URL Scraper API
This project allows users to upload a CSV file containing URLs, scrape metadata (title, description, keywords), and store results securely using FastAPI, PostgreSQL, Redis, and Celery.
🚀 Features
- User Authentication (OAuth2 + Access Tokens)
- Upload CSV containing URLs
- Scrape Metadata asynchronously using Celery workers
- Store Data in PostgreSQL Cloud
- Monitor Performance using Prometheus + Grafana
- Deploy via Docker
- CI/CD automated using GitHub Actions (Deploys Docker image to DockerHub)
🛠️ Installation & Setup
1️⃣ Clone the Repository
git clone <repo_url> cd url-scraper
2️⃣ Setup Environment Variables
Create a .env file with the following:-
DATABASE_URL=your_postgresql_cloud_url
REDIS_URL=your_redis_cloud_url
For local development, use:
DATABASE_URL=your_postgresql_cloud_url
REDIS_URL=redis://localhost:6379/0
3️⃣ Install Dependencies
pip install -r requirements.txt
4️⃣ Start Local Redis (for development)
docker-compose up -d redis
5️⃣ Start FastAPI Server using Docker Compose
docker-compose up --build
🚀 Running Celery Workers
Celery is used for asynchronous scraping.
celery -A utils.celery_worker.celery_app worker --loglevel=info
To monitor tasks, start the Celery Flower dashboard:
celery -A utils.celery_worker.celery_app flower
📡 API Endpoints
🔐 Authentication (OAuth2 + Access Tokens)

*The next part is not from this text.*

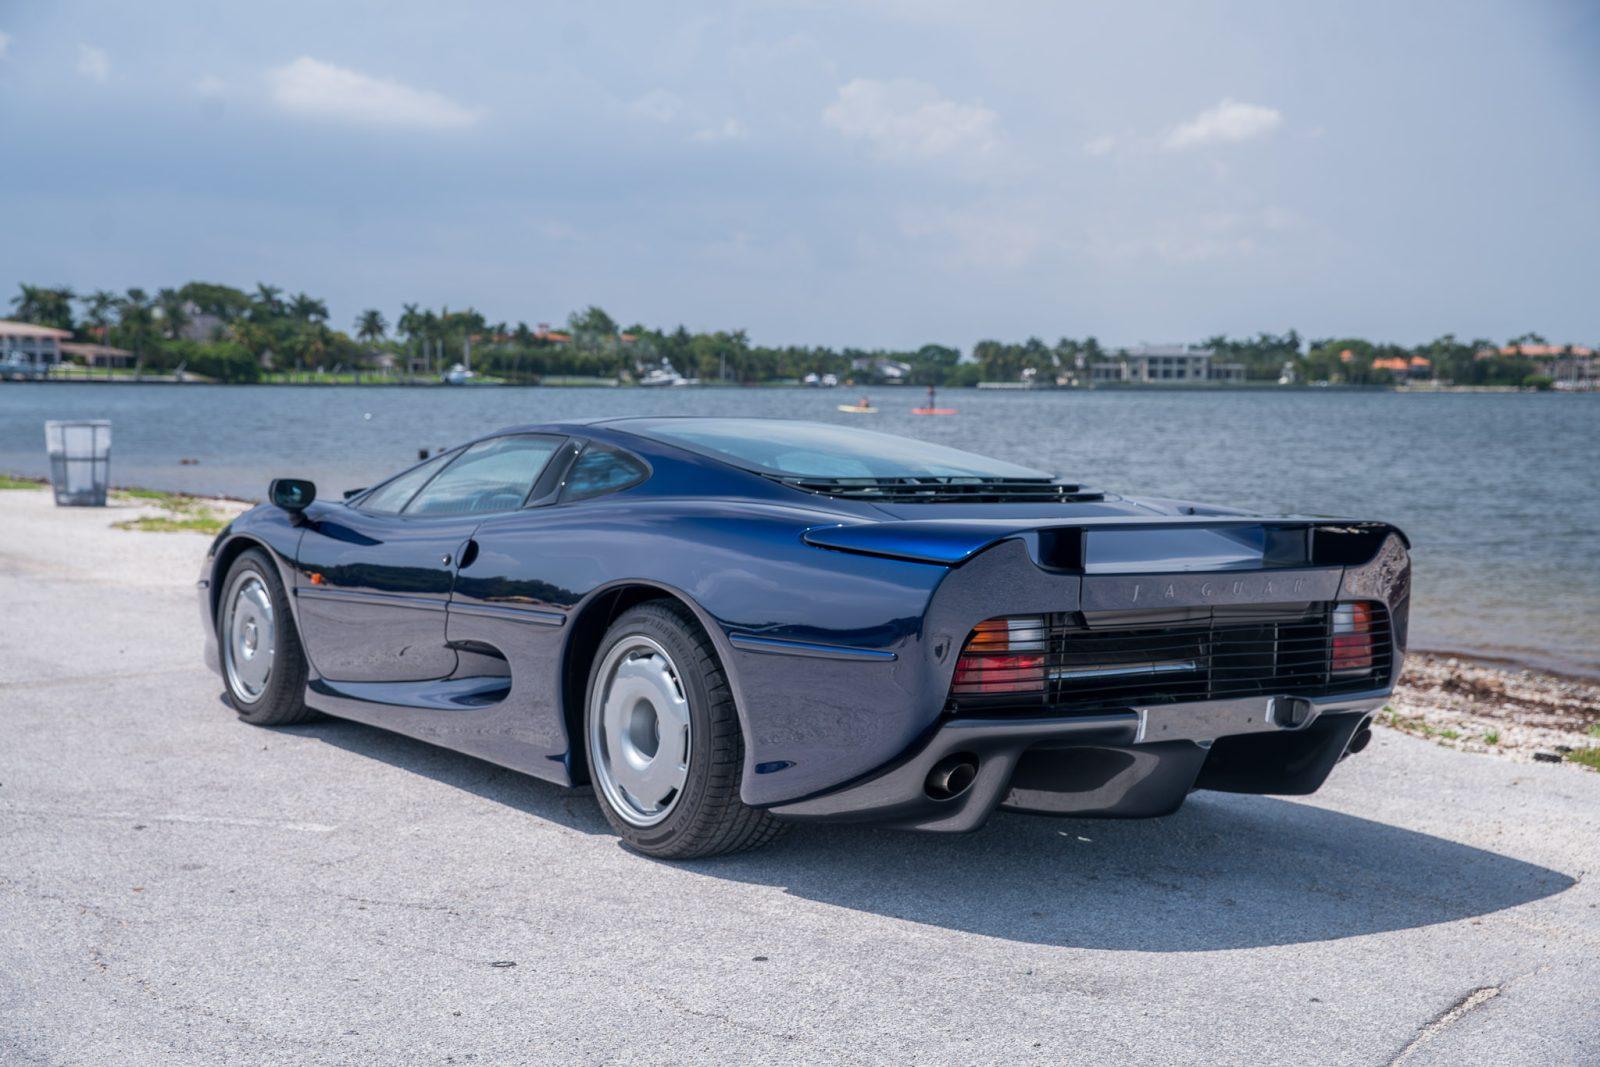 Jaguar Xj220 For Sale >> Jaguar Xj220 Blue 9 Curated
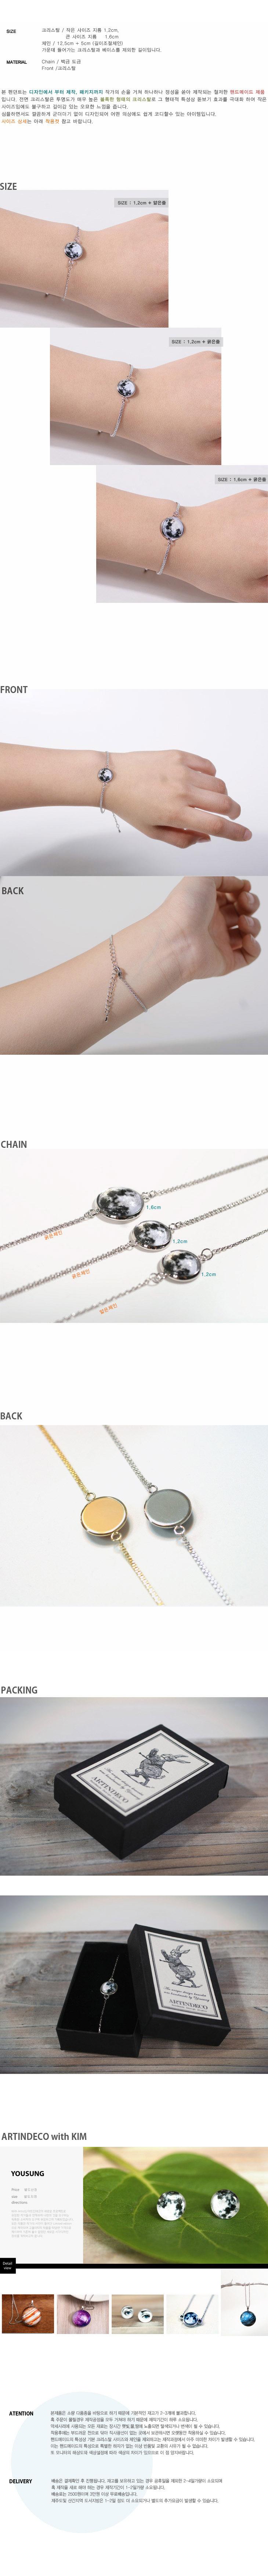 행성팔찌 -달(Moon) - 아트인데코, 14,800원, 팔찌, 패션팔찌

| Method | Endpoint | Description |
|---|---|---|
| POST | /auth/register |
Register new user |
| POST | /auth/login |
Login and get access token |
| POST | /auth/token |
OAuth2 token authentication |
📤 Upload & Scraping
| Method | Endpoint | Description |
|---|---|---|
| POST | /upload-csv/ |
Upload a CSV file of URLs |
| GET | /task-status/{task_id} |
Check scraping task status |
| GET | /results/{task_id} |
View scraped data from task_id |
| GET | /urls |
View scraped metadata of a user |
🏗️ Deployment
1️⃣ Docker Setup (Local)
docker-compose up --build
2️⃣ Deploy on Render.com
- Deployed URL: CSV URL Metadata Scraper
- Create a PostgreSQL database and get the
DATABASE_URL - Deploy using Render's FastAPI template
3️⃣ Docker Image on DockerHub
Our Docker image is automatically built and pushed to DockerHub on every CI/CD pipeline execution:
- DockerHub URL: anotherpersonwhodontknow/url_scraper
To pull and run the image locally:
docker pull anotherpersonwhodontknow/url_scraper
docker run -p 8000:8000 anotherpersonwhodontknow/url_scraper
📊 Monitoring (Prometheus + Grafana)
1️⃣ Start Prometheus
docker run -d --name=prometheus -p 9090:9090 prom/prometheus
2️⃣ Start Grafana
docker run -d --name=grafana -p 3000:3000 grafana/grafana
3️⃣ Configure Dashboards
- Add Prometheus as a data source in Grafana.
- Create dashboards for API request count and error rates.
📜 License
This project is open-source and available under the MIT License.